The European Action Plan also advocates for a drastic reduction (or elimination) of trans fats. Trans fats, which are fats that have been artificially hardened through the process of partial hydrogenation, are largely found in industrial food products, although they are known to cause negative effects on health (see Trade Perspectives, Issue No. 10 of 15 May 2015). In 2010, the European Food Safety Authority (i.e., EFSA) indicated that trans fat intakes should be “as low as is possible”, which led governments in a number of European countries (including Austria, Denmark, Hungary, Iceland and Switzerland) to adopt measures to legally limit the content of trans fats in foodstuffs. In particular, governments set the limit at 2g of trans fat per every 100g of fat, a threshold that appears to be scientifically justified (see Trade Perspectives, Issue No. 15 of 26 July 2013).

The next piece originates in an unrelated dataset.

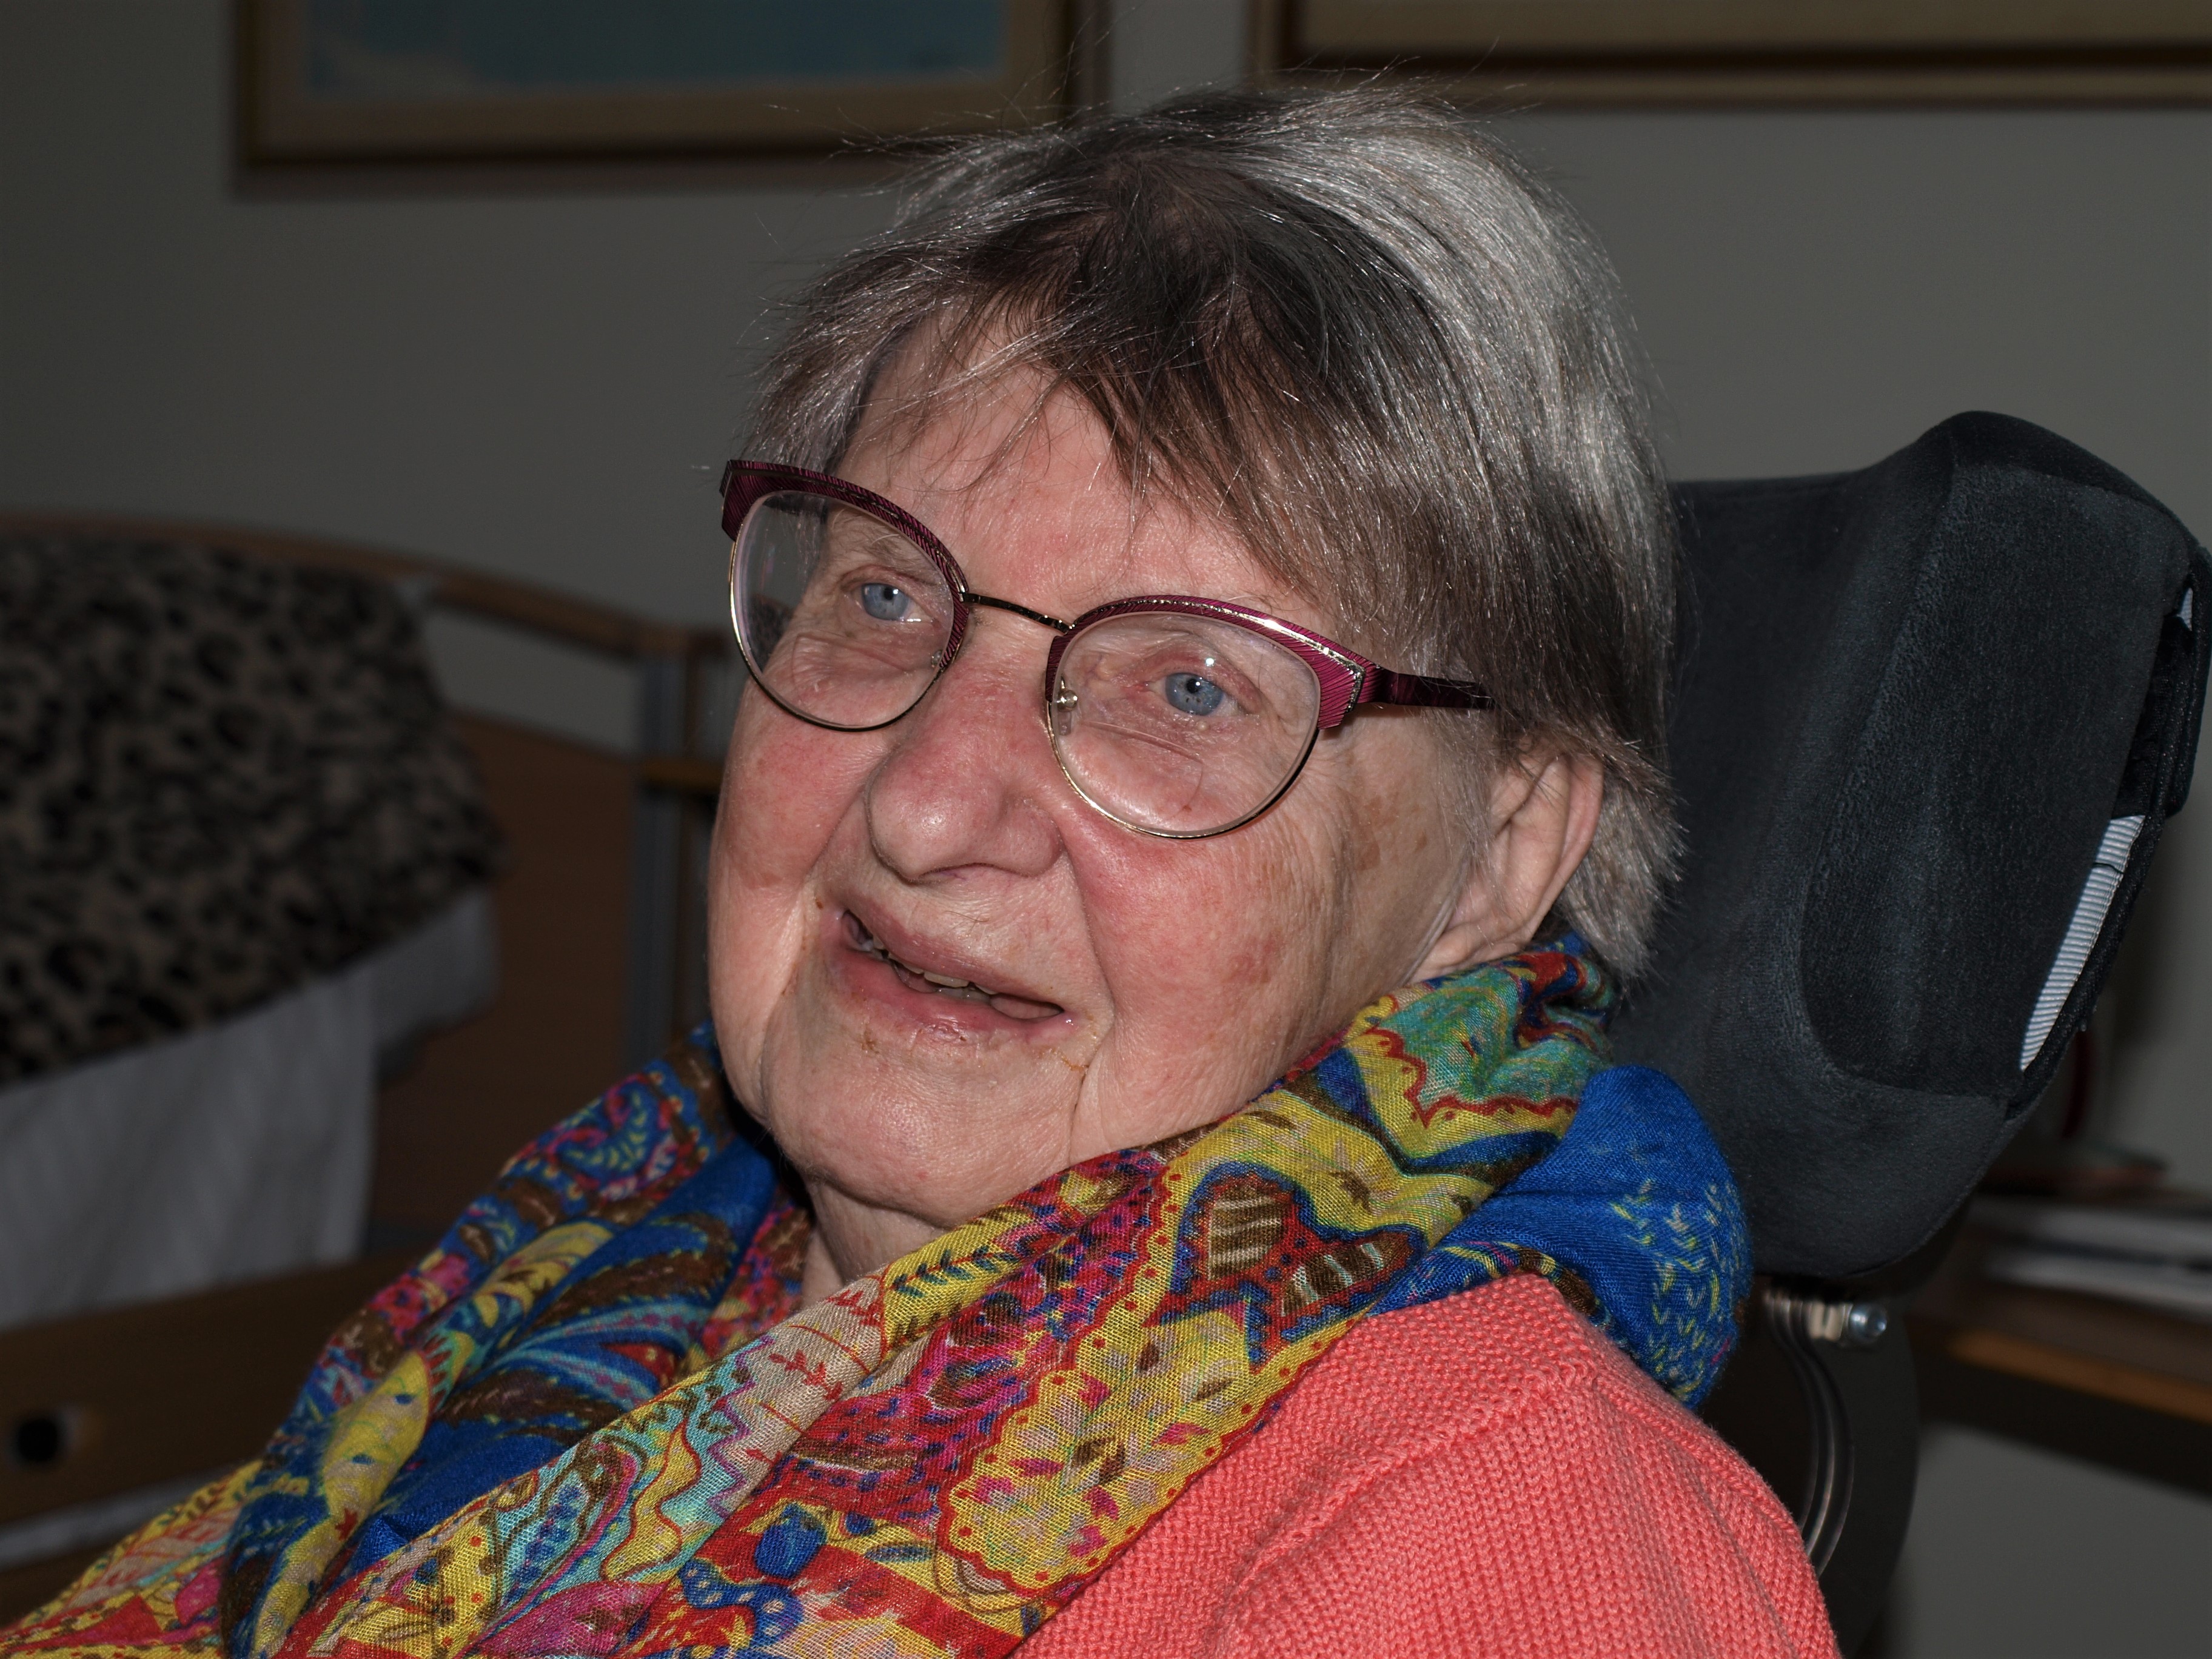 ”Roligt att få flytta till ett nybygge i min ålder” Marianne Attås, 87 år. Foto: Barbro Isaksson

Additional policy instruments endorsed by the WHO’s European Action Plan are food labelling schemes, particularly those that help consumers understand foods’ nutritional properties by providing front-of-pack interpretative explanations. In the EU, the Food Information Regulation (i.e., Regulation (EU) No. 1169/2011 of the European Parliament and of the Council of 25 October 2011 on the provision of food information to consumers, hereinafter FIR) lays down requirements on food labelling. However, the FIR also leaves room for voluntary labelling schemes as long as, inter alia, they are based on scientific evidence and are not misleading for consumers, non-discriminatory and do not create obstacles to the free movement of goods. In this sense, a number of food business operators in certain EU Member States have recently started to include so-called ‘traffic light’ nutrition labelling schemes in their products (which, essentially, attribute a colour coding to specific food components, such as sugar, fat, salt and energy). Although these schemes remain voluntary and circumscribed to the private sector, the UK Food Standards Agency recommended them in June 2013 (see Trade Perspectives, Issue No. 19 of 17 October 2014) and, reportedly, France will regulate their use in the near future.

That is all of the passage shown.